Suppose that for real $x,y \ge 1$ we have the inequality $x/\log x \le y/\log 2$. Then the inequality $$ x \le (2/\log 2)y\log y + c $$ appears to hold for some constant $c$.
What is the smallest such $c$?
I would also accept an argument that no such constant exists. Depending on how I pose this to Wolfram Alpha, it returns different answers: it seems to sometimes use the wrong branch of the Lambert W function.

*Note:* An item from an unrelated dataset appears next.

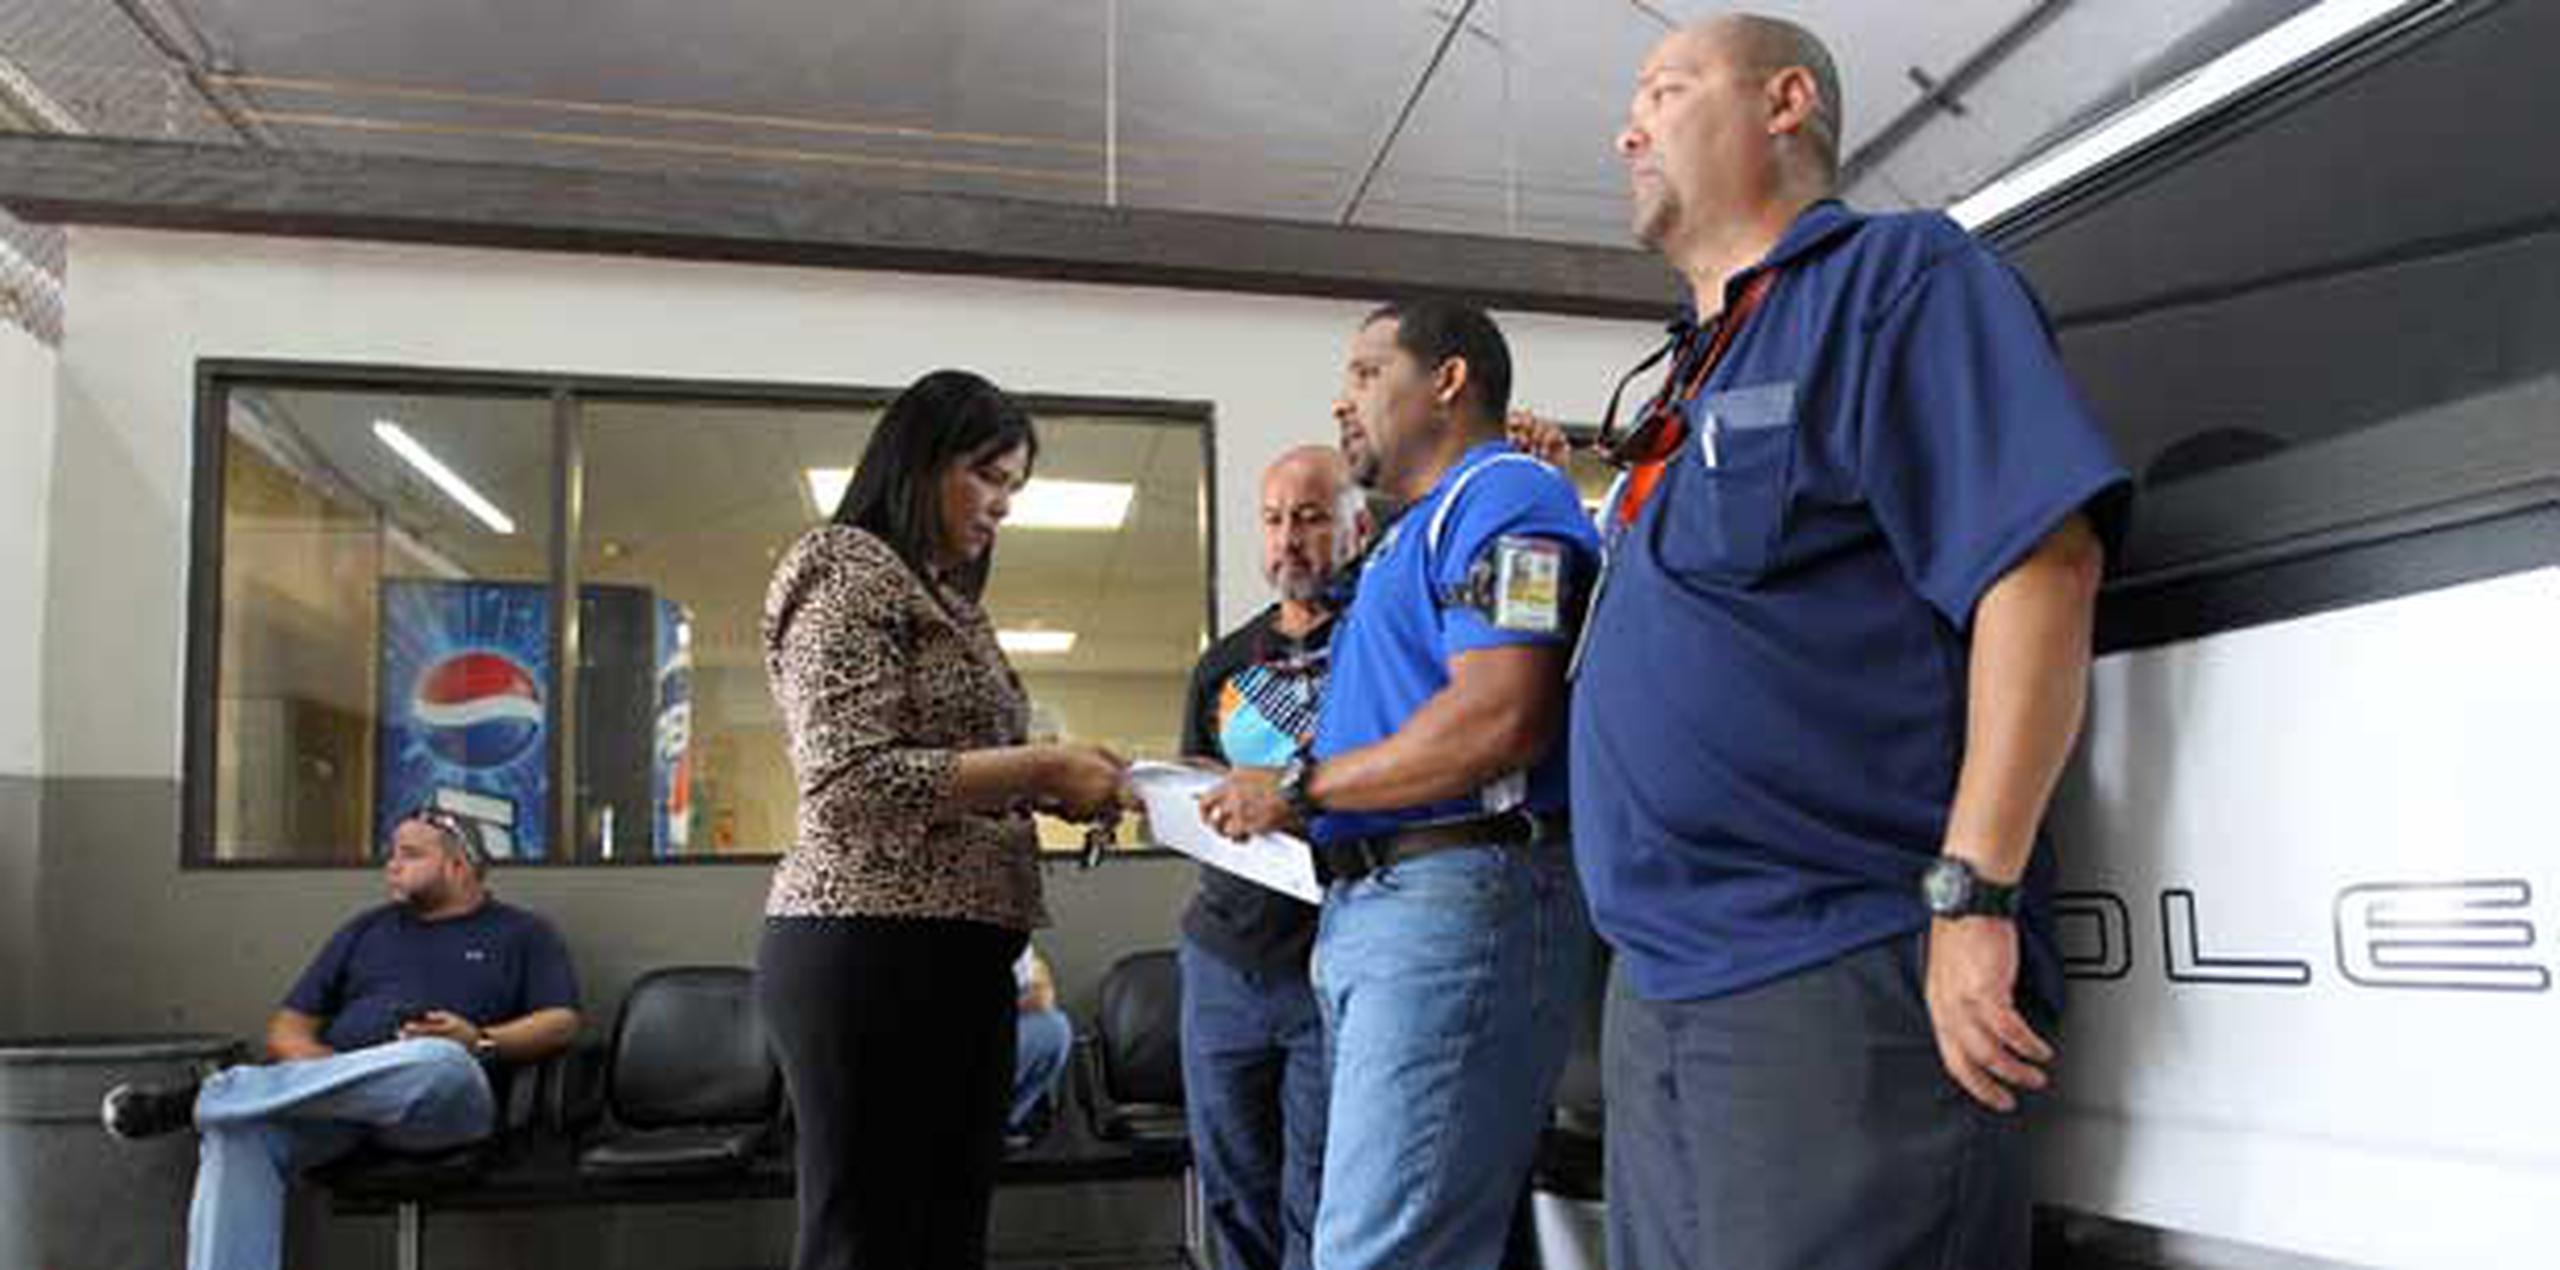 Astrid Rosario, delegada de la Unión conversa con los empleados Arturo Santini, Rafael Febres, William Laldel. (teresa.canino@gfrmedia.com)

$x/\log(x)$ for $x > 1$ has a minimum value of $e$ at $x=e$, decreasing for $1 < x < e$ and increasing for $e < x < \infty$. Thus if $y < e \log(2)$ there are no solutions to your inequality; if $y \ge e \log(2)$ the solutions form an interval $$ - \frac{y W_{0}(-\log(2)/y)}{\log(2)} \le x \le - \frac{y W_{-1}(-\log(2)/y)}{\log(2)} $$ where $W_{0}$ and $W_{-1}$ are the principal and "$-1$" branches of the Lambert W function. So your claim is that $$- \frac{y W_{-1}(-\log(2)/y)}{\log(2)} < \frac{2 y \log(y)}{\log(2)} + c $$ With $s = \log(2)/y$, this says $$ - W_{-1}(-s) < 2 \ln(\ln(2)/s) + c s $$
Note that both $-W_{-1}(-s)$ and $2 \ln(\ln(2)/s)$ are decreasing on $(0, 1/e)$ with values in $(1,\infty)$, and $x \exp(-x)$ is decreasing on $(1,\infty)$, so this is equivalent to
$$ -W_{-1}(-s) \exp\left(W_{-1}(-s)\right) > ( 2 \ln(\ln(2)/s) + c s ) \exp\left(- 2 \ln(\ln(2)/s) - c s \right) $$ which simplifies to
$$ s > \frac{s^2 e^{-cs}}{\log(2)^2} \left(2 \log(\log(2)) - 2 \log(s) + c s\right)$$
That is certainly true for sufficiently small $s$, since the right side is $O(s^2 |\log(s)|)$ and thus $o(s)$ as $s \to 0+$. We can adjust $c$ to make it true on the rest of the interval.
The least possible $c$ is the maximum of $$ F(s) = \frac{-2 \log(\log(2)/s) + W_{-1}(-s)}{s} $$ for $0 < s < 1/e$. Numerically it is approximately $.455389746$, occurring at $s \approx .2530875517$.